FMBR Editorial: Nov, 1993
The Power of Symbols
William C. Gough
Modern physics rests upon the foundation of mathematics, a symbolic language. But what is the foundation upon which this magical mathematics rests? Indeed, what is mathematics and why does it work? If we cannot answer these questions our scientific explanations of the Universe are based ultimately upon things we do not understand. A clue to the answer may be the fact that both modern science and ancient metaphysics have the same common foundation -- the use of symbols of similar characteristics.
For the Hebrews, Arabs, and Greeks, numbers and letters were intimately connected, i.e., the letters of the alphabets were also the symbols for numbers. Thus, these languages and their alphabets are particularly intertwined with the numerical, mathematical and algorithmic thought of these ancient peoples. In addition, ancient cultures claim a universality or sacred status for traditional alphabets such as Sanskrit, Islamic, Arabic, Hebrew, Greek, Tibetan.

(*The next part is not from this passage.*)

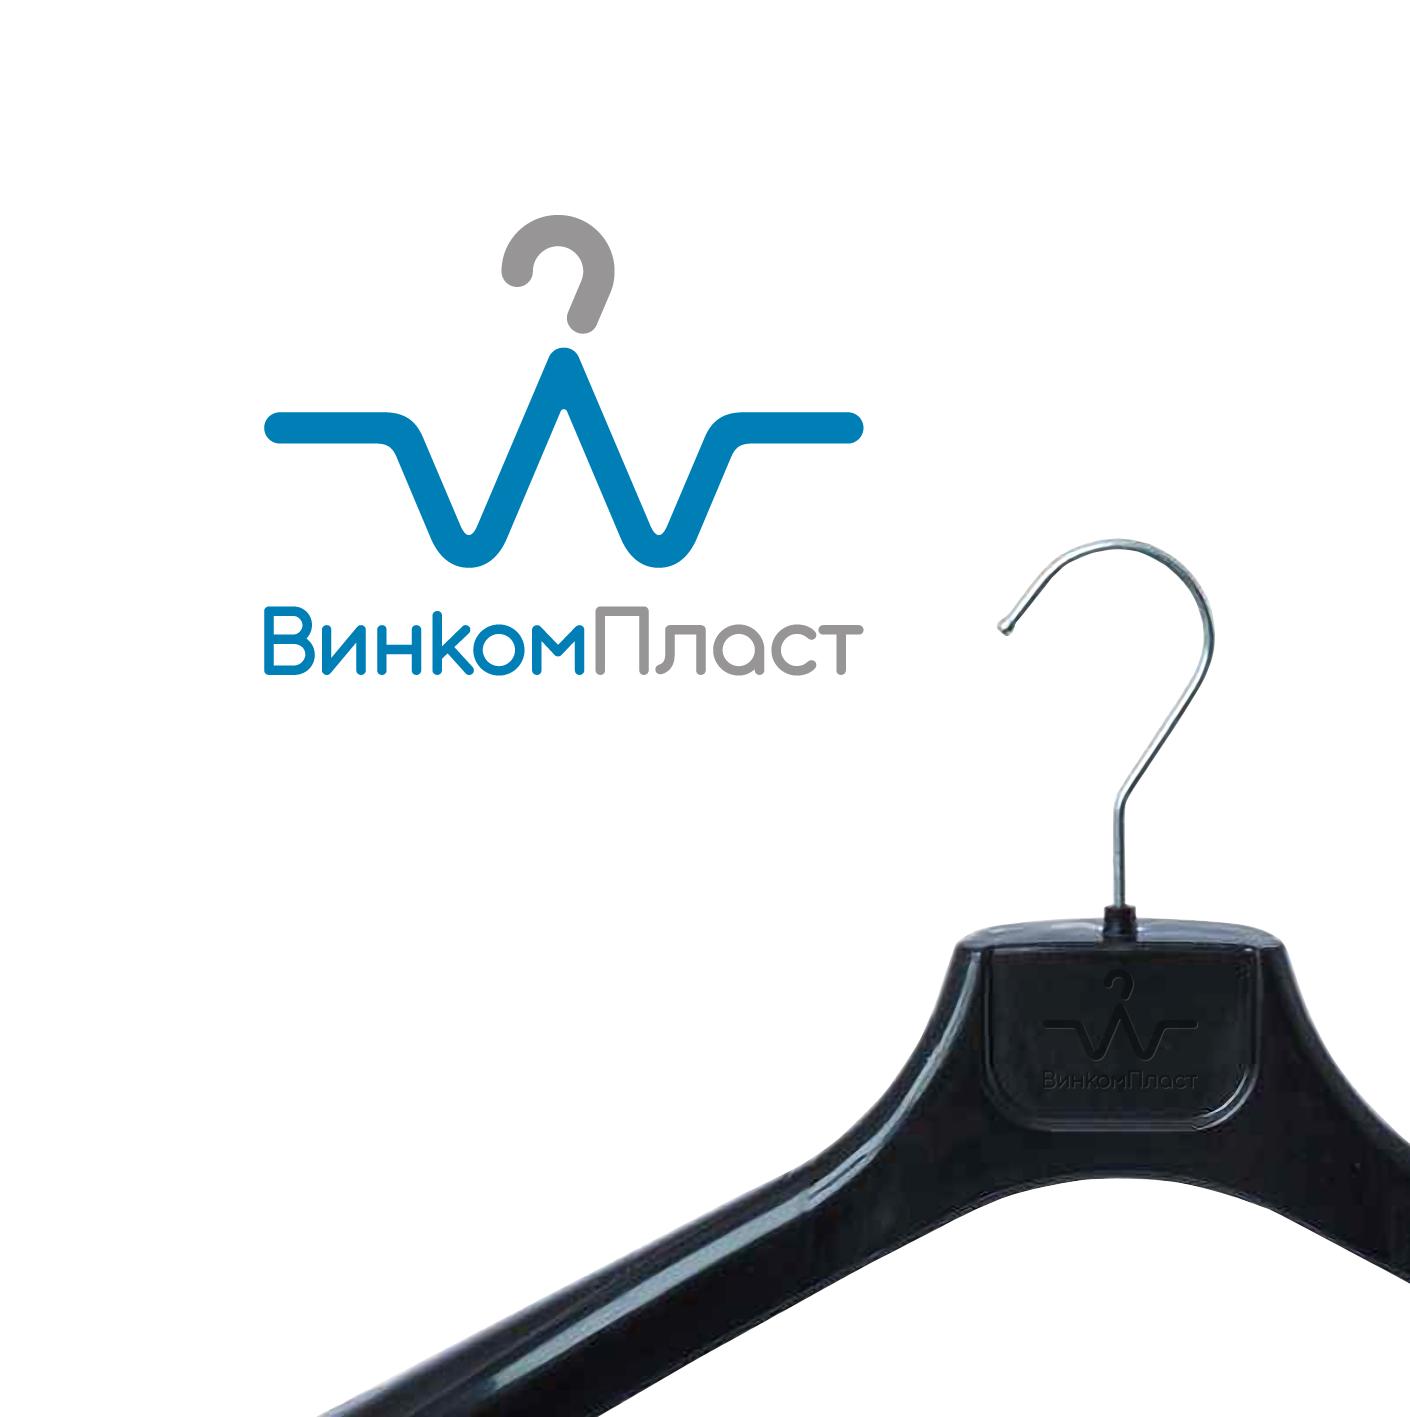 Логотип, фавикон и визитка для компании Винком Пласт  фото f_4315c38c7eed0a15.png

Although both modern science and ancient metaphysics have the same goal of affecting or changing physical reality, they applied their symbols differently. The scientists and engineers seek to understand and modify the world through their use of mathematical symbols -- a process external to themselves. The mystics and shamen seek to understand and modify the world through their use of sacred symbols -- a process internal to themselves. Thus, the scientist/engineer/doctor performs the change at the physical pattern level, within space-time, whereas, the mystic/shamen/healer performs the change at the archetypal pattern level, beyond space-time.
To the ancients, numbers/letters were symbolic links to an aspect of a universal idea or quality beyond the physical. They represented fundamental "elements," -- a Mother language -- akin to the atomic elements from which the physical world is built and derives its structural order. These fundamental archetypes represent the underlying units or elements of ordering in the spaceless-timeless realm. New orderings of the fundamental archetypes result in acts of creation in space-time. The symbolic links to these fundamental archetypal patterns -- whether we see them or hear them -- are received by our sensory system. They map upon our body/brain and are experienced as feelings.
Could our scientific symbol system known as mathematics, when it is applied to the higher dimensional spaces, be charting characteristics of the order beyond space-time? Thus, the abstract spaces of mathematical physics may correspond to the order that creates the reality we experience.
Lending support to this view is the work of Dr. Tom Adi and the computer software applications developed from his ideas. This software is based upon a patented new linguistic and cognitive theory that assumes letter/number symbols to have inherent meaning. Each symbol acts upon our mind/body in a unique way.